It is noted that relational terms such as first and second, and the like are used solely to distinguish one entity or action from another entity or action without necessarily requiring or implying any actual such relationship or order between such entities or actions.

The present invention and its embodiments have been described above with no limitation, and the embodiments of the present invention are shown in the drawings, and the actual structure is not limited thereto, so that those skilled in the art who have the ordinary skill in the art who have the benefit of the present invention will not creatively design similar structures and examples to those of the present invention without departing from the gist of the present invention.

Claims (10)

1. A plastic mold burring device which is characterized in that: including base (1), positioning mechanism (2), deburring mechanism (3), rotary displacement mechanism (4), guiding mechanism (5), rotation locking mechanism (6) and cutter locking mechanism (7), base (1) top is located in positioning mechanism (2) rotation, base (1) top is located in guiding mechanism (5), guiding mechanism (4) are located guiding mechanism (5) lateral wall, rotary displacement mechanism (4) lateral wall is located in deburring mechanism (3), base (1) top is located in rotation locking mechanism (6), rotary displacement mechanism (4) lateral wall is located in cutter locking mechanism (7), rotary displacement mechanism (4) include mould slewing mechanism (410) and mobile mechanism (420), base (1) top is located in mould slewing mechanism (410), base (1) top is located in mobile mechanism (420).

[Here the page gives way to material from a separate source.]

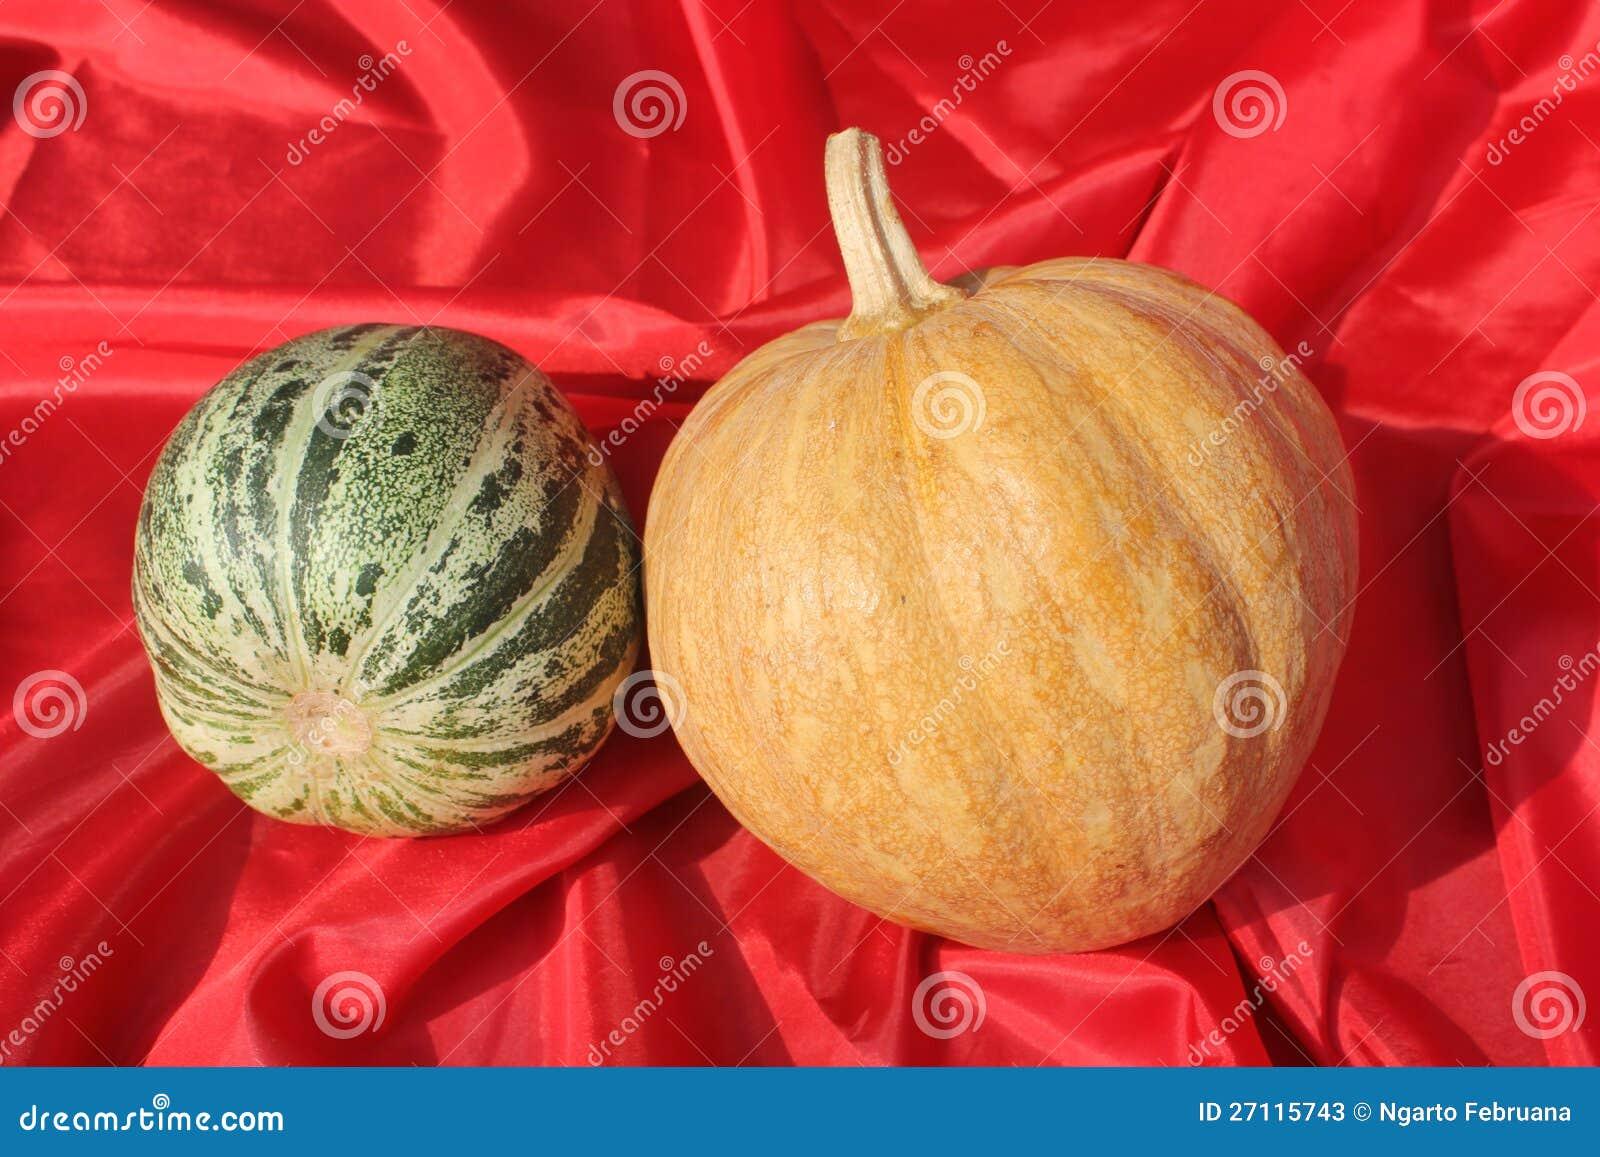 Potiron et cantaloup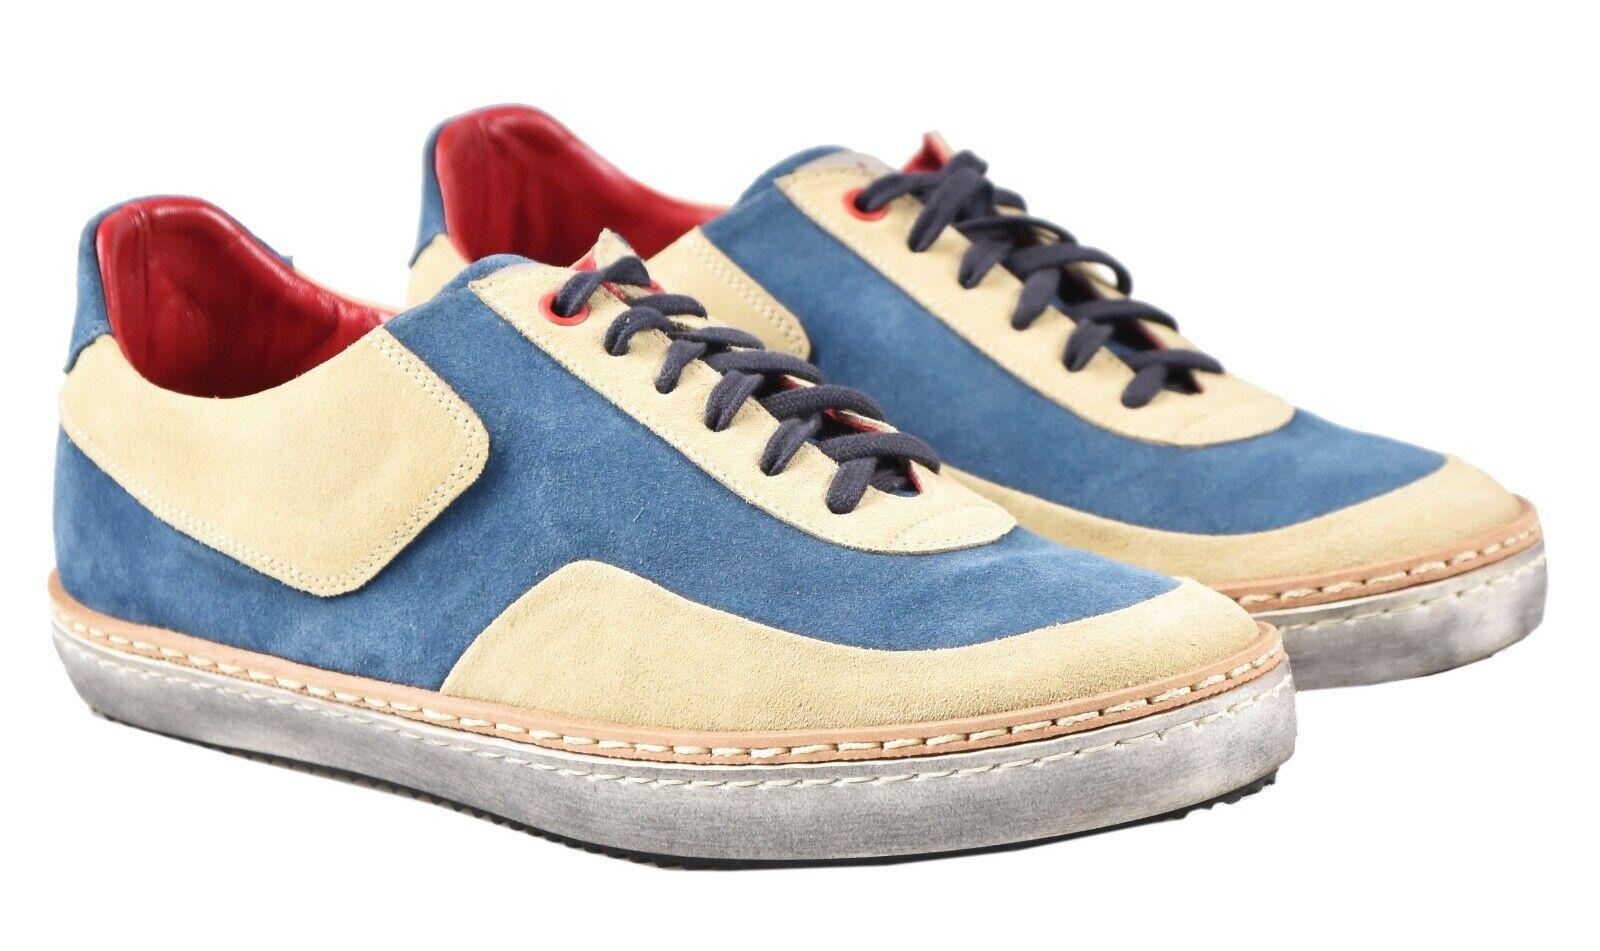 NEW KITON scarpe scarpe da ginnastica 100% LEATHER SZ 7 US 40 EU 19O78

2. The plastic mold deburring device as set forth in claim 1, wherein: the die rotating mechanism (410) comprises a rotating groove (411), a rotating disc (412), rotating gear teeth (413), a first servo motor (414), a power gear (415) and a gear groove (416), wherein the rotating groove (411) is formed in the top end of the base (1), the gear groove (416) is formed in the inside of the base (1), the rotating disc (412) is rotationally arranged on the top end of the rotating groove (411), the first servo motor (414) is fixedly arranged on the top end of the base (1), the array of rotating gear teeth (413) is fixedly arranged on the circumferential side wall of the rotating disc (412), the output end of the first servo motor (414) penetrates through the side wall of the gear groove (416), and the power gear (415) is coaxially fixedly arranged on the output end of the first servo motor (414).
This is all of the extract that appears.